Du musst leider im Selbstversuch testen, mit wieviel Stunden Schlaf du am ausgeruhtesten bist.

Außerdem hängt es auch noch davon ab, ob du eine Morgenmensch oder eine Nachteule bist.

Die spontane Schlafdauer der meisten Erwachsenen liegt zwischen sieben und neun Stunden pro Nacht. Kurzschläfer kommen mit weniger Schlaf aus, im Extremfall reichen ihnen vier bis fünf Stunden, um sich ausgeruht zu fühlen. Andere Menschen benötigen wiederum über zehn Stunden Schlaf. Die Merkmale des Kurz- Mittel- oder Langschläfers bilden sich zumeist schon im Kindes- und Jugendalter aus. Sie sind vermutlich erblich festgelegt und lassen sich durch Training kaum beeinflussen.

http://www.der-schlafberater.de/Schlafdauer.htm

Es kann kein Patentrezept geben, weil jeder Koerper anders gebaut ist. Sonst entsteht hier ein falscher Druck auf minimum Schlaf um gesund zu sein. Aber klar ist, Schlaf kann man nicht nachholen. Also mein Tipp: regelmaessig schlafen ist am gesuendesten, damit kann jeder Koerper umgehen.
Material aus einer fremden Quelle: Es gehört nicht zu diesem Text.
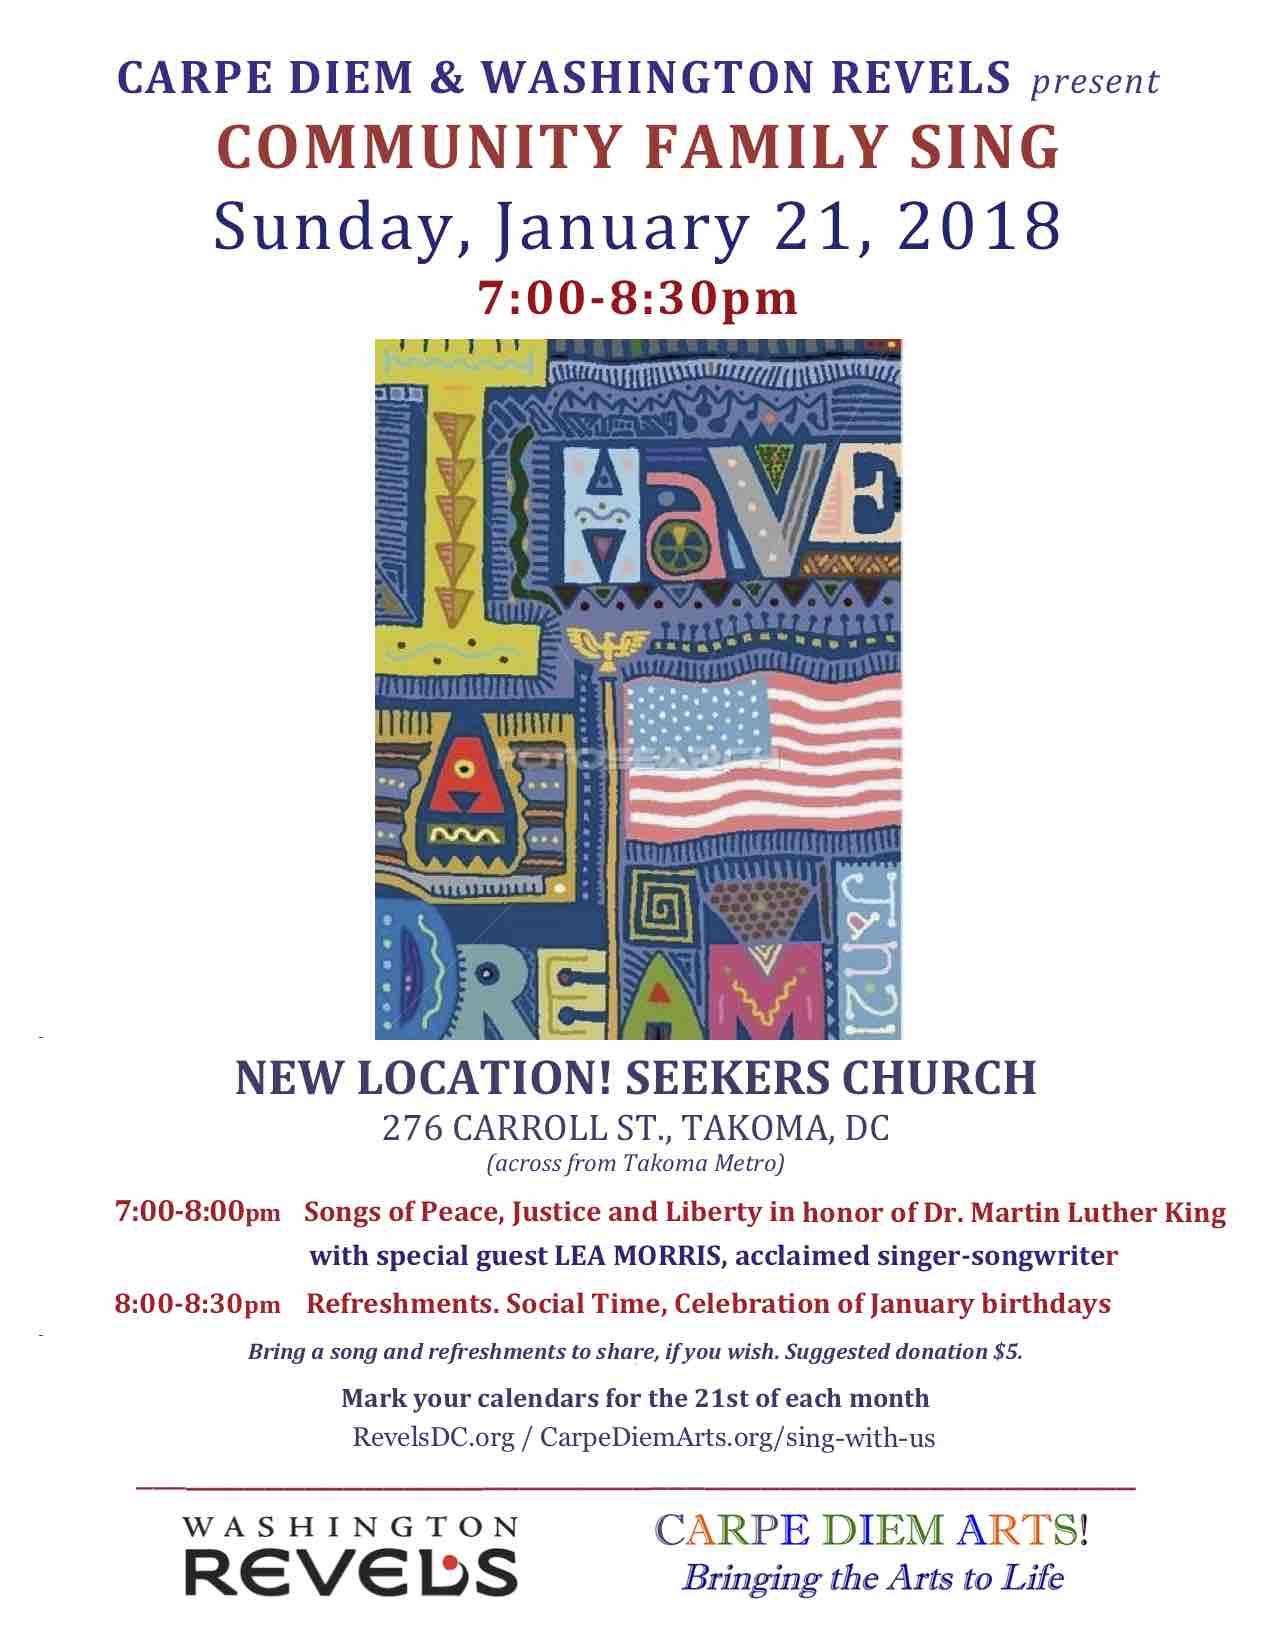 January 21 2018 Carpe Diem Revels Community Family Sing FLYER.jpg

Das Schlafbedürfnis des Körpers nimmt über die Lebensspanne ab. Säuglinge schlafen extrem viel, alte Menschen brauchen weniger Schlaf. Ansonsten ist es individuell, zwischen fünfeinhalb und ca. neun Stunden am Tag. Der Körper reguliert das allein, wenn er nicht dabei gestört wird (durch Lärm, spätes fettes Essen, Medikamente, Alkohol, Sorgen...). Wichtiger als die Schlaflänge ist zudem die Schlaftiefe. Erholt fühlt sich nur der, der tiefe Schlafphasen hat (kann im Schlaflabor über die Hirnströme gemessen werden). Gute Nacht! Anell

Ausreichender Schlaf ist eine Grundvoraussetzung für Ausgeglichenheit und körperliche Fitness. Der Mensch verbringt fast ein Drittel seines Lebens im Schlaf. Im Schlaf regenerieren sich Körper und Geist. Schon nach 48 Stunden ohne Schlaf erlischt die Konzentrationsfähigkeit für die einfachsten Tätigkeiten. Wer mehr als drei Tage nicht schläft, kann sich kaum konzentrieren, klar sehen und hören und leidet oft unter Wahnvorstellungen (Halluzinationen).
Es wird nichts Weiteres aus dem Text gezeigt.